The Downward Spiral. Rarely would a person consider taking his own life, make a plan, and carry it out in the same day. Typically, there is a process of downward spiral thinking, feeling, and believing that leads to hopeless despair resulting in the suicidal action. We believe this downward spiral begins with some type of loss, either real or perceived. Real losses may be related to job, title, social standing, wealth, health, innocence, independence, relationships, the death of a loved one or a host of other experiences. Perceived losses may include loss of importance, value, worth and identity. Either way, the significance of the loss is enough to cause the person to consider a permanent solution to the pain of such despair. Suicide then, may be described as a “catastrophic response to total despair.” (We are building here upon last month’s excellent article by Dr. Wattenbarger on the topic of despair as it appeared in Counselor’s Corner of the Joy House E News.) Such total despair is often the result of a person’s internal battle with unhealthy comparisons to those around him.

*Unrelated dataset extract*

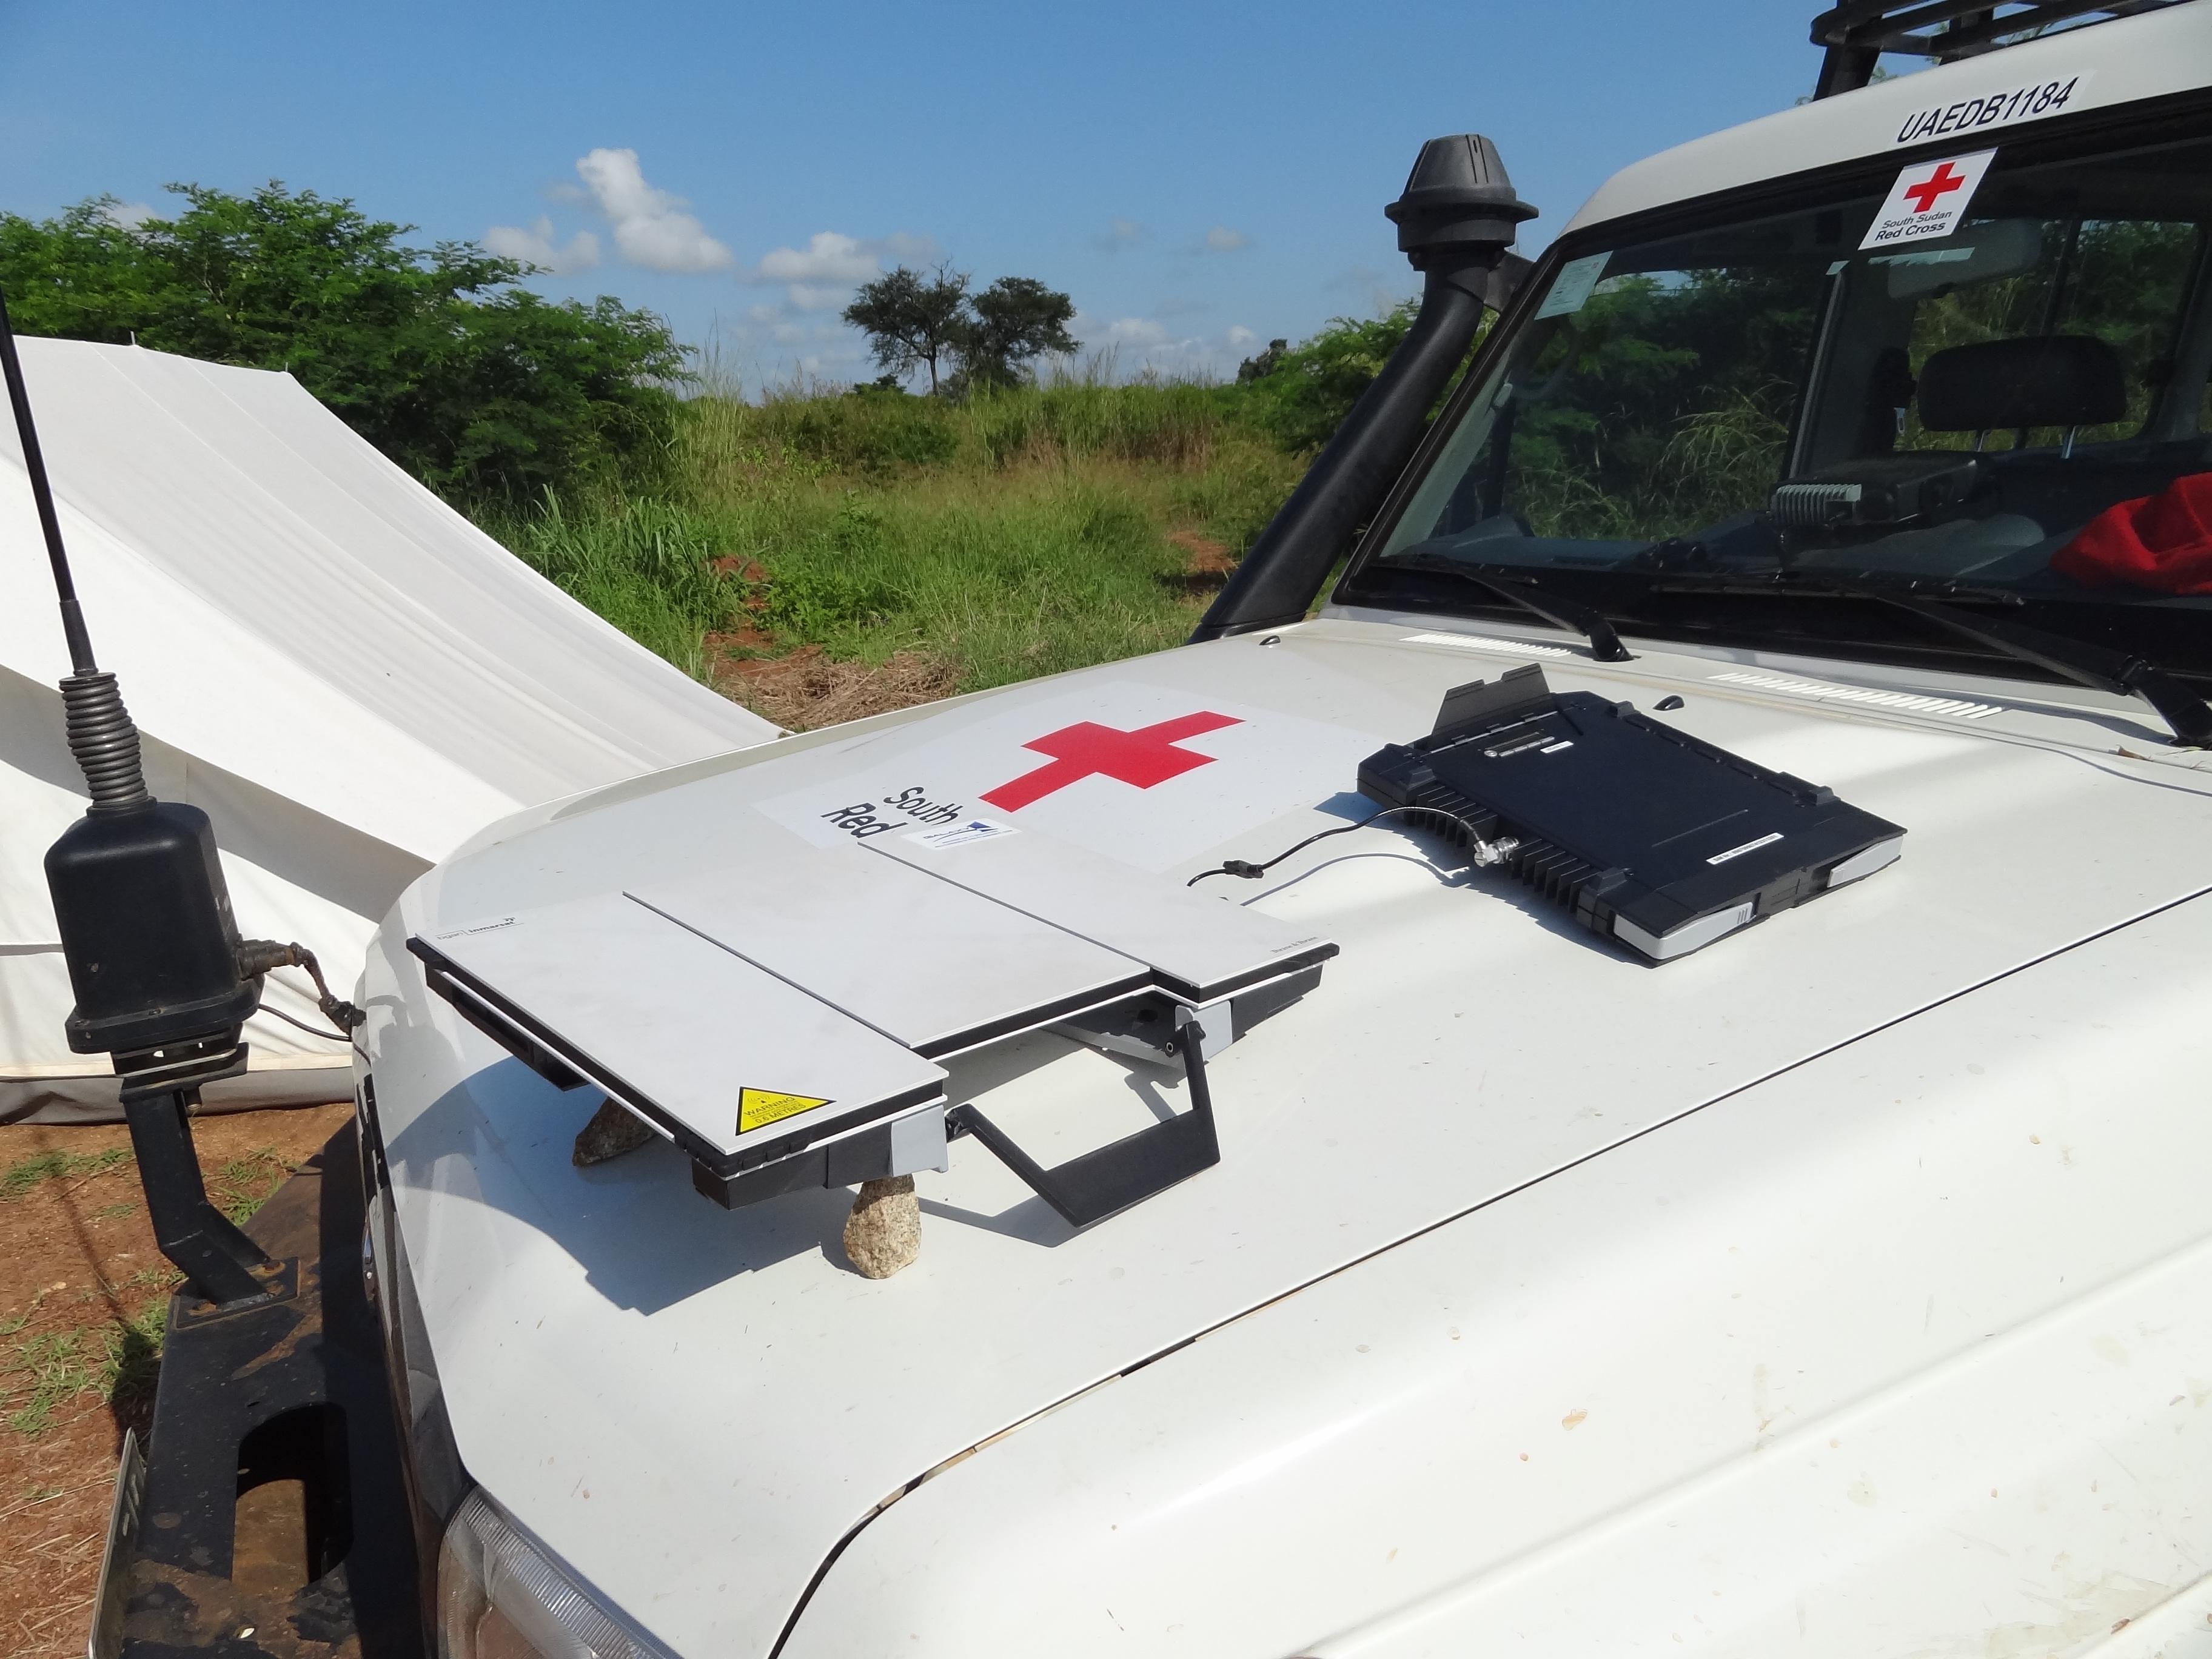 File:Portable Satellite Internet Modem and Antenna jpg

The Danger of Comparison. Unhealthy use of social media tends to deepen the hole of real and perceived losses as one observes others with happy faces, promotions, engagements, new babies, dream vacations and social gatherings. Too often these are perceived as indicators that others are “living their best life” all while the outside observer feels cutoff, marginalized and alone. The downward spiral intensifies being powered by increasing comparison. The result is a sense of shame that settles in and speaks of personal brokenness, emptiness and perceived worthlessness. Such comparisons lead to dark introspection pushing the sufferer still downward. One of our younger clients put it this way, “when you are in a dark place already, and then look at yourself, you never like what you see.”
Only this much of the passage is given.